Shakespeare’s great “tragedy of blood”, the play tells the story of Scottish general Macbeth who fought victoriously in a battle between Scotland and Norway. 

King Duncan gives Macbeth the title of Thane of Cawdor and declares his eldest son Malcolm Prince of Cumberland, as heir to the throne.

However, three witches have a premonition that Macbeth will one day become King.

This is when the ambitious, power-craving Lady Macbeth’s deceptive plan comes into force.

She talks her husband into killing the King Duncan and framing the guards, and in turn Malcolm, for his murder.

Macbeth eventually takes the throne but both he and his wife suffer greatly for their sins.

Corruption of power

Themes running through the play include unchecked ambition, corruption of power and the relationship between cruelty and masculinity.

Dr Harney says she accepted the challenge of portraying one of Shakespeare’s most powerful female characters because Macbeth is her favourite Shakespeare play.

“Lady Macbeth is one of the first feminists — women were nothing back then. They didn’t even act on stage — either they were an object of affection or some kind of hideous creature, never somebody with a brain and ambition.

 “I went to an all girls’ school (Havergal College in Toronto) and it was quite a feminist school so I relate to it.”

“It is pretty mainstream that everybody just considers Lady Macbeth to be a wicked person. I don’t see her that way at all because if she was wicked then she wouldn’t have had a conscious. Evil people go and do wicked stuff all the time and can sleep at night.

“She is overly ambitious and even naïve in some ways because didn’t she ever think this thing out. In the same way I don’t see Eve as wicked and this is an obvious Biblical allusion to that.”
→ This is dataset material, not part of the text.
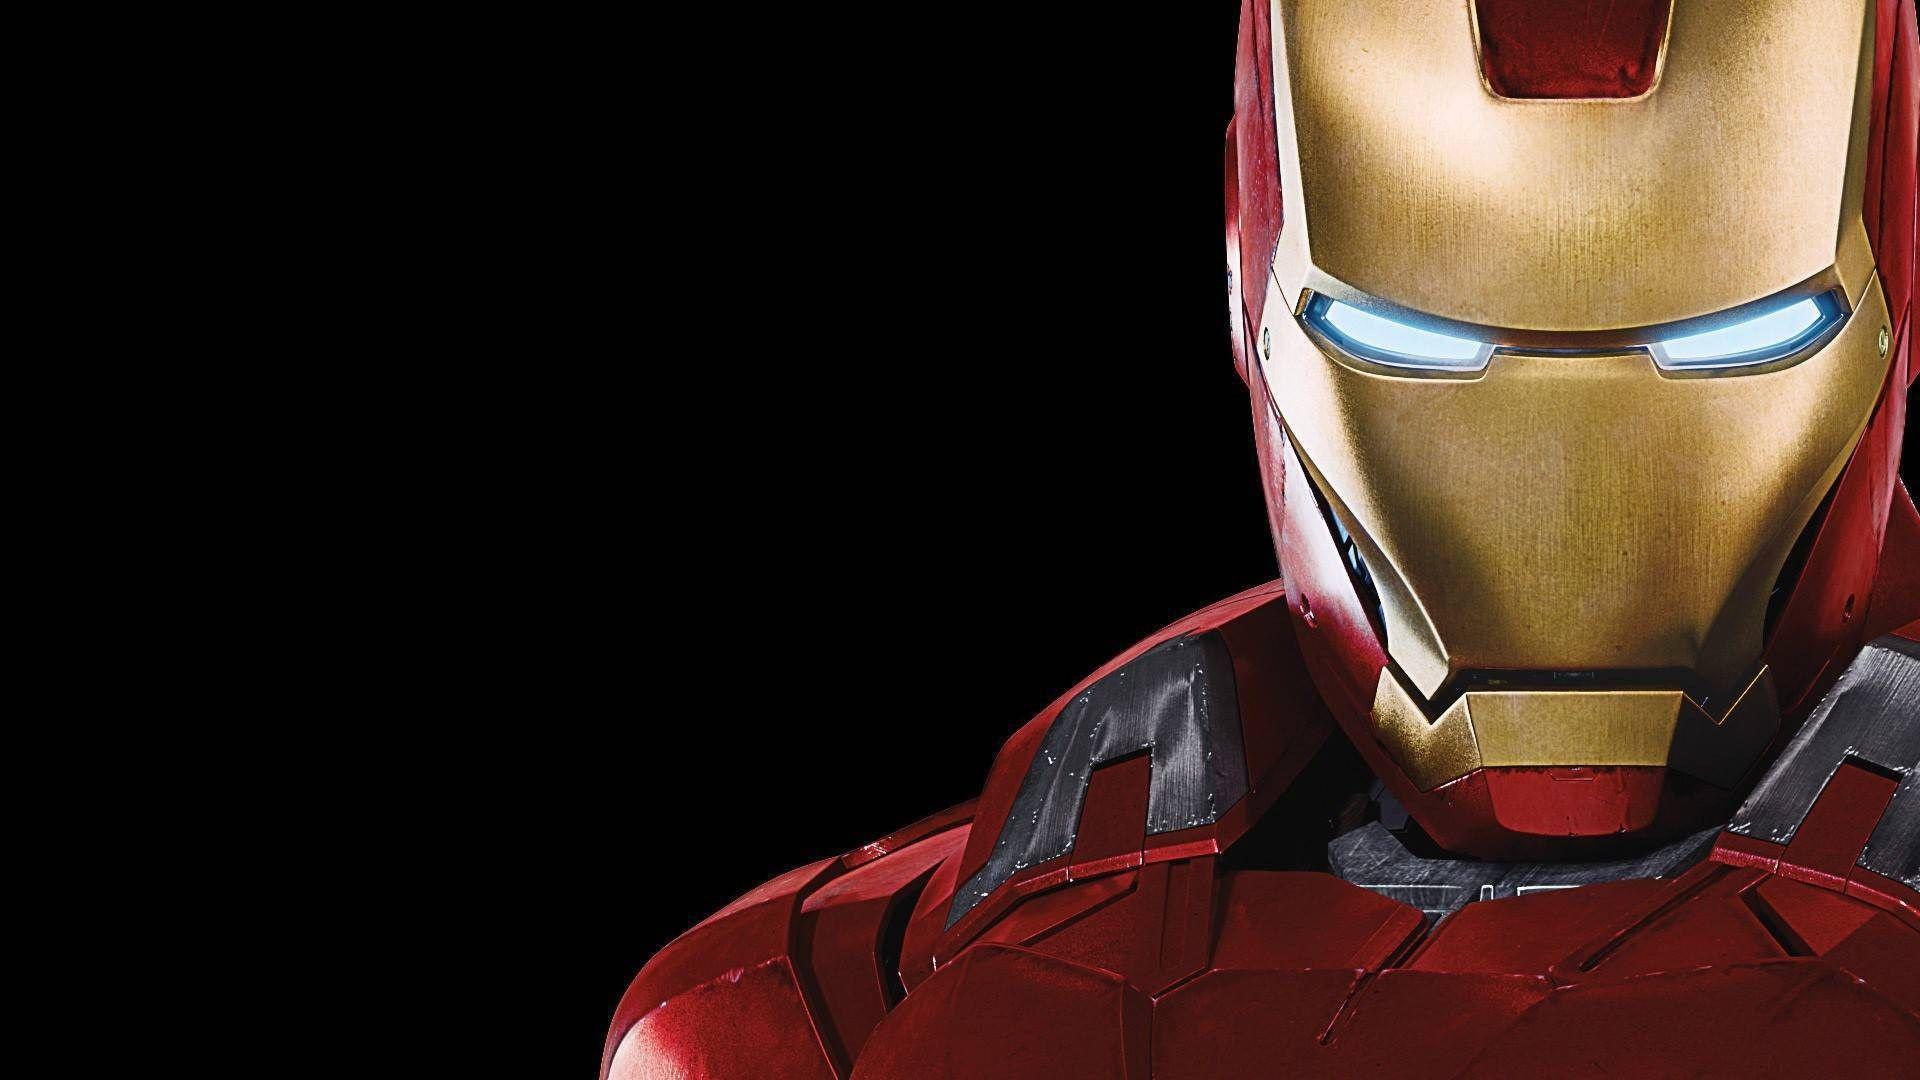 1920x1080 Iron Man Screensavers And Backgrounds Free Jpg 194 Kb

You may recognise Dr Harney as the young mother from the CableVision adverts, maybe as the social worker in Lucinda Spurling’s Poverty In Paradise or even from her minor role in Dream Girls. However most of her acting performances have been overseas in Toronto.

She says one of the highlights on the stage was her role as Mary Magdalene in Jesus Christ Superstar at the Talbot Theatre in London Ontario. Above all Dr Harney enjoys singing and dancing — she said that she became disillusioned with black actors being given few opportunities in mainstream theatre aside from black-only “polarised“ plays such as Porgy and Bess.

Dr Harney was classically trained to sing at the Royal Conservatory of Music in Toronto and she is currently with the Bermuda-based rock band Sonique Sanctuary. She says that her singing experience has helped her in her role as Lady Macbeth only in terms of being able to project her voice.

So is she ready for her first ever Shakespeare performance?

“I am literally just starting to enjoy it. There is no wiggle room in Shakespeare there is no wiggle room with the verse and the meter — the rigidness in that context is extremely challenging to know I had to learn my words

“The most difficult part for me was feeling morally superior to her. It was really hard to not go into a place where I felt like I was objectifying the character. Some characters you get them and you can be them and there is so much of you right there already.

“With this it was like, yes, probably some aspects of my personality are quite feminist but then the morally reprehensible part was hard for me to genuinely get to.”

Seating is arranged on a first come first serve basis on bleachers or guests are welcome to bring their own blanket or compact lawn chair. There will be a bar serving beer, wine and sodas. In the event of inclement weather, decision will be made 30 minutes prior to the start of the show. Persistent heavy rain will likely mean cancellation in which case tickets will be refunded except for the closing night show.

Where: Fort Hamilton

When: Thursday, September 20 to Saturday, September 29 (no performance on Monday, September 24).

Showtime: 8pm

Tickets: $25 available from Daylesford Theatre box office.